• [Exercise data]:
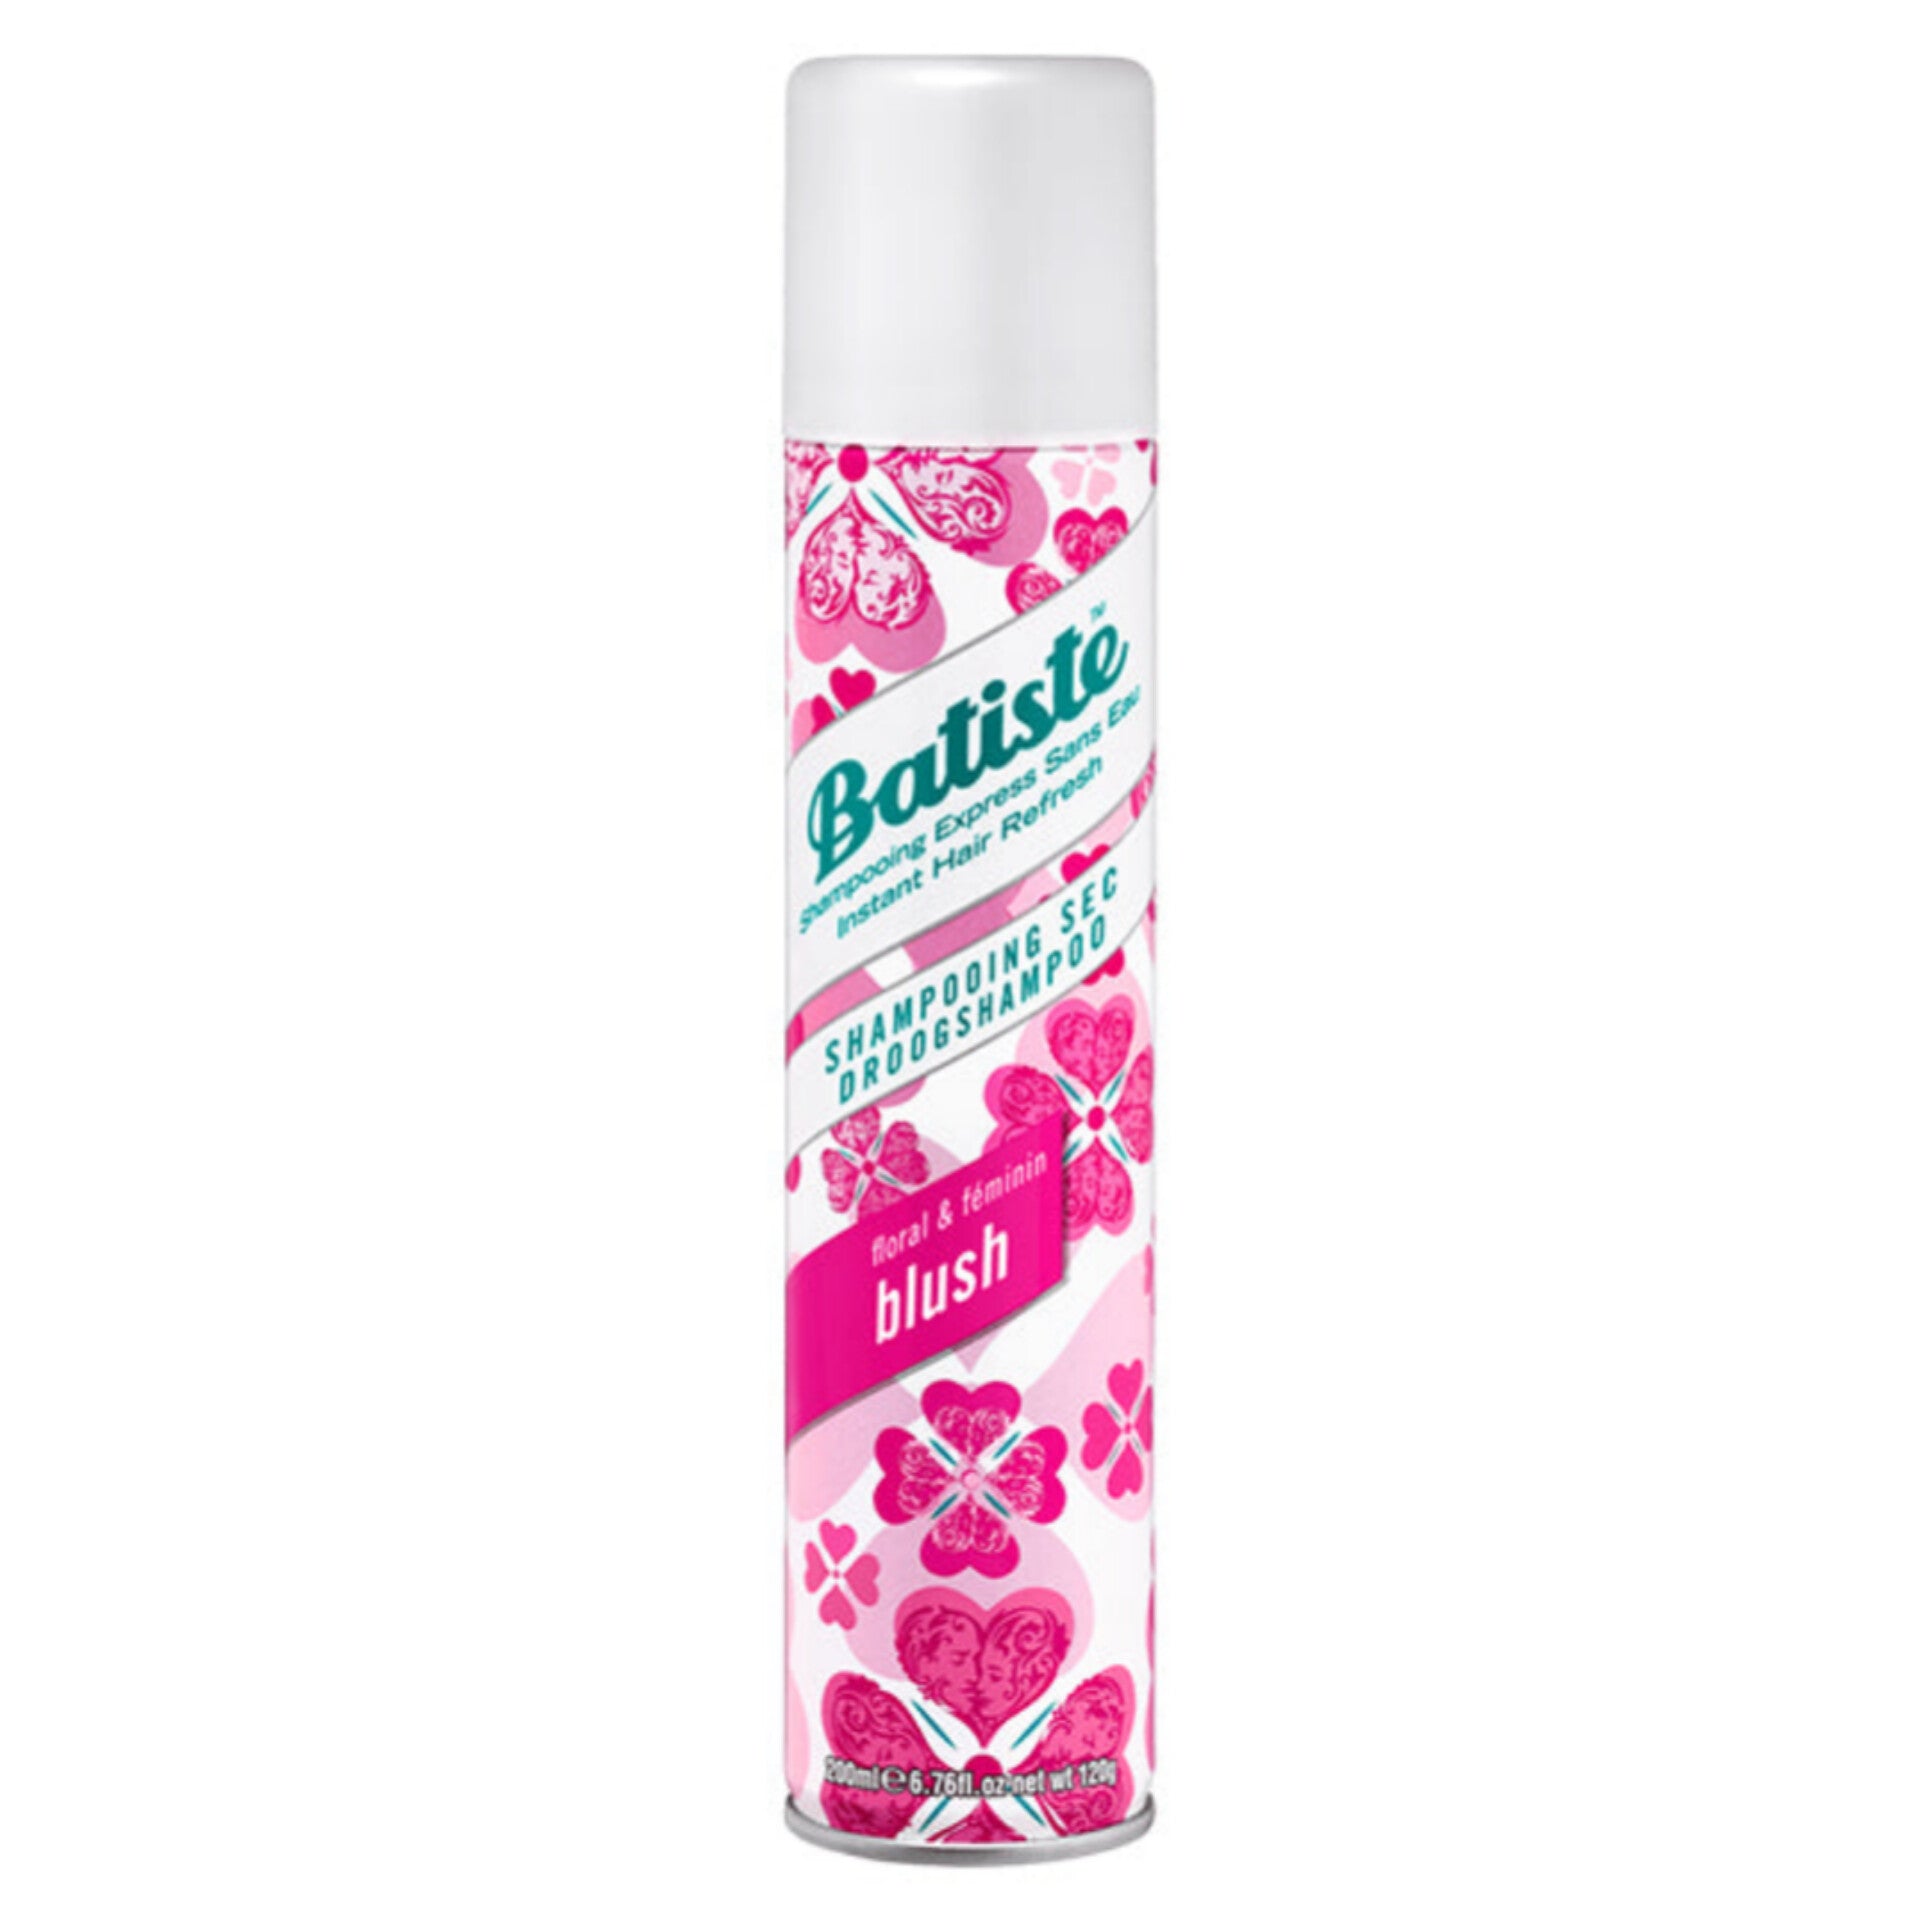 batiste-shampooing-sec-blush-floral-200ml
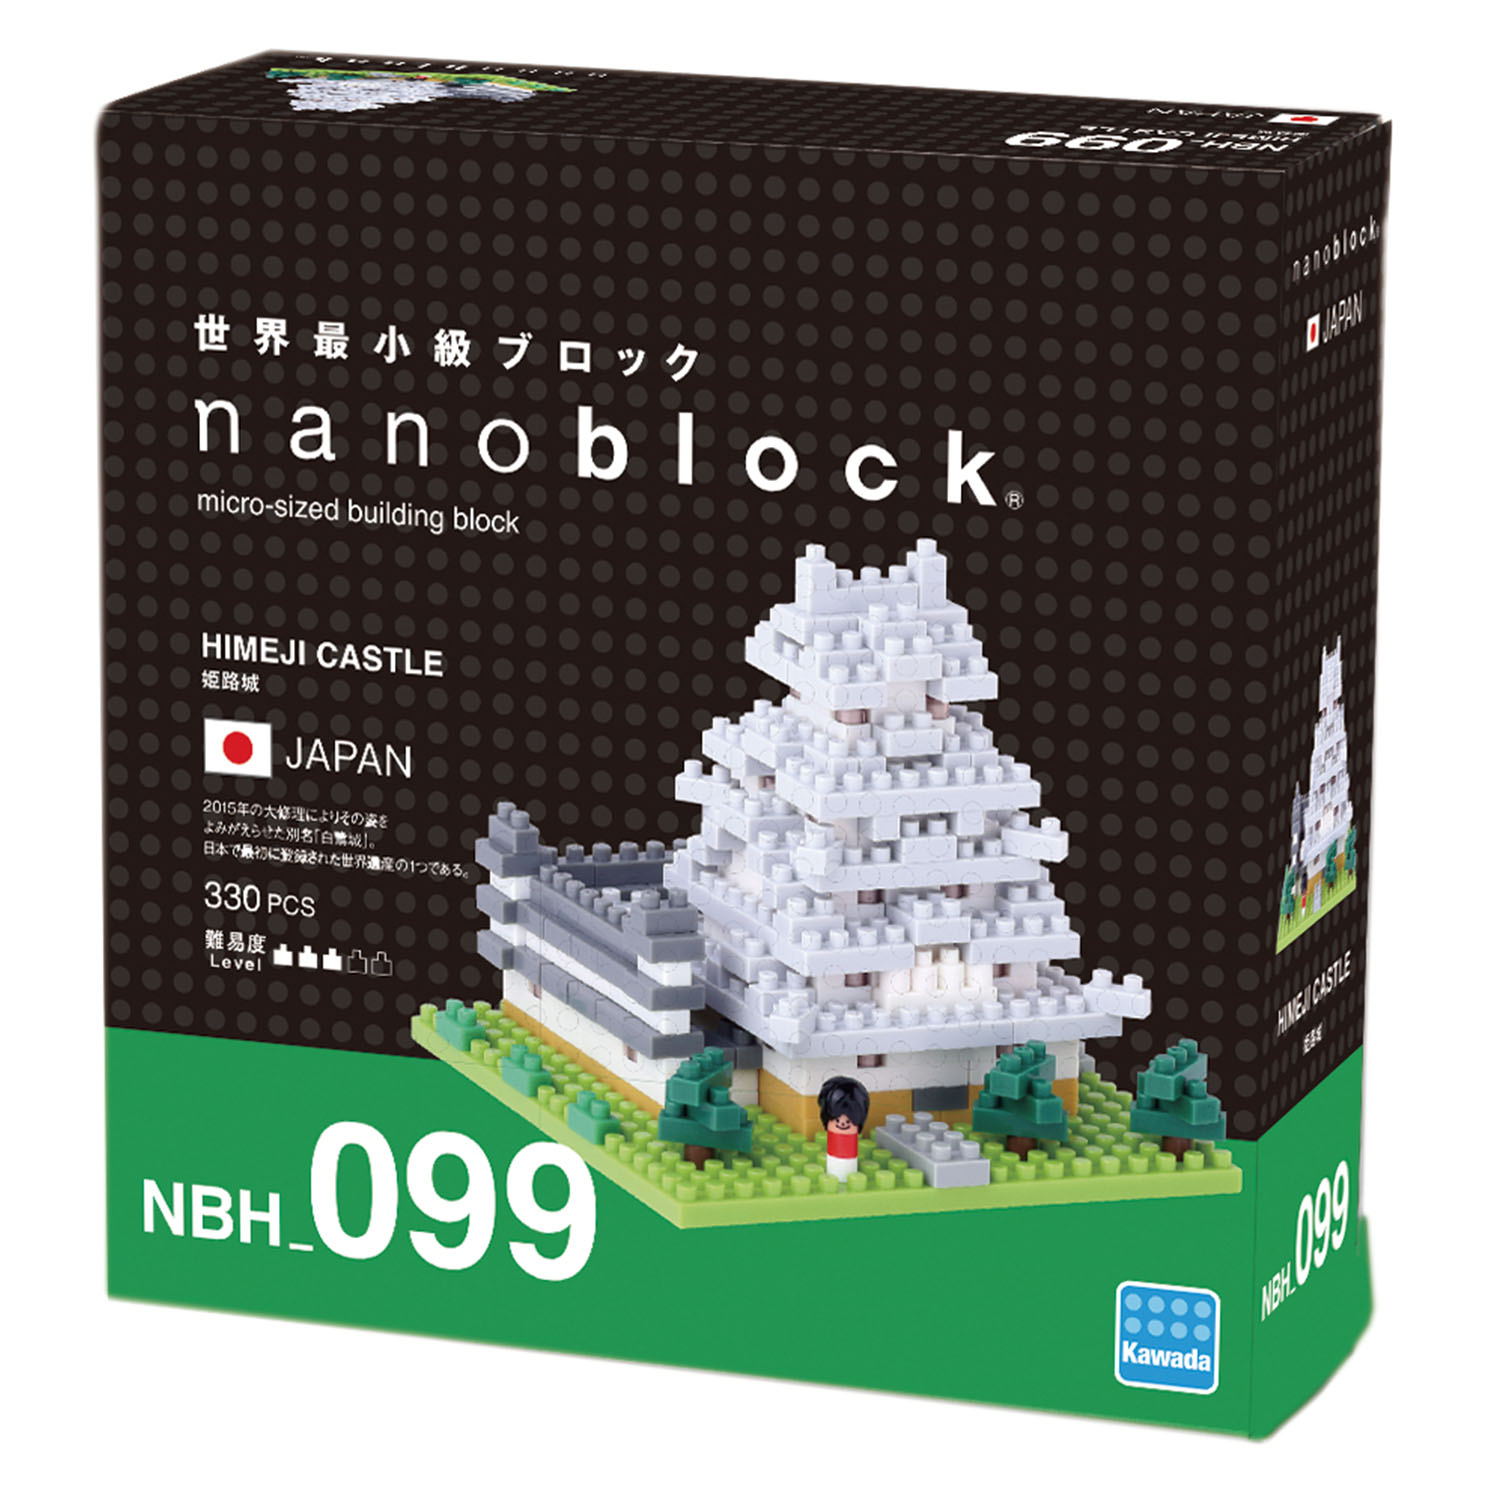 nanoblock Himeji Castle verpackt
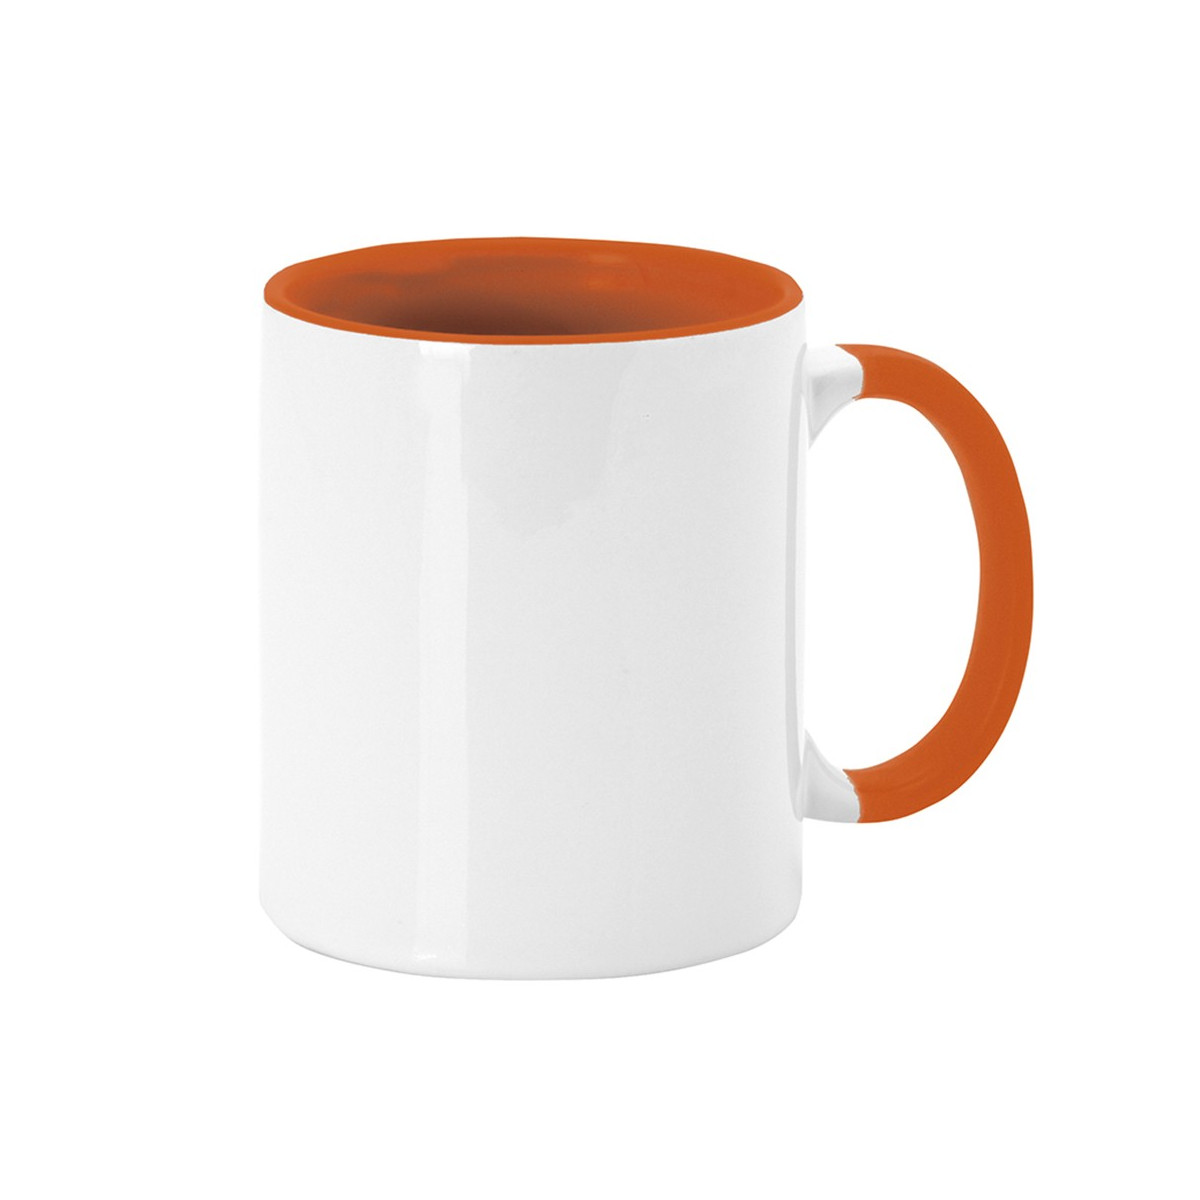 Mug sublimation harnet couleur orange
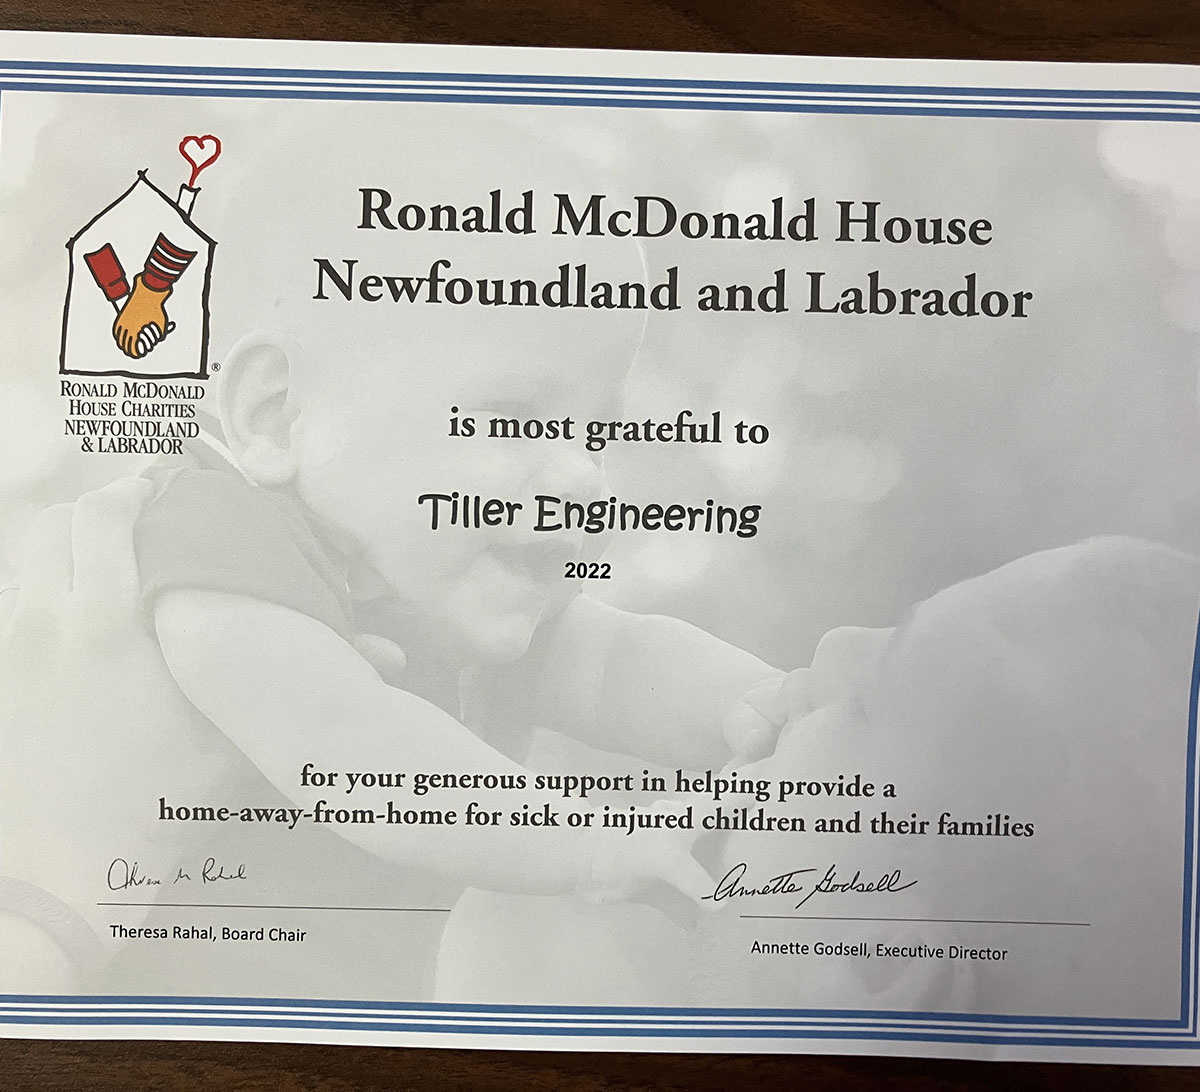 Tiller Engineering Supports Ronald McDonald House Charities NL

• [Required action]:
Without the pictures, write out the entire listing exactly.

• [Response box]:
 batiste-shampooing-sec-blush-floral-200ml
 nanoblock Himeji Castle verpackt
 Mug sublimation harnet couleur orange
 Tiller Engineering Supports Ronald McDonald House Charities NL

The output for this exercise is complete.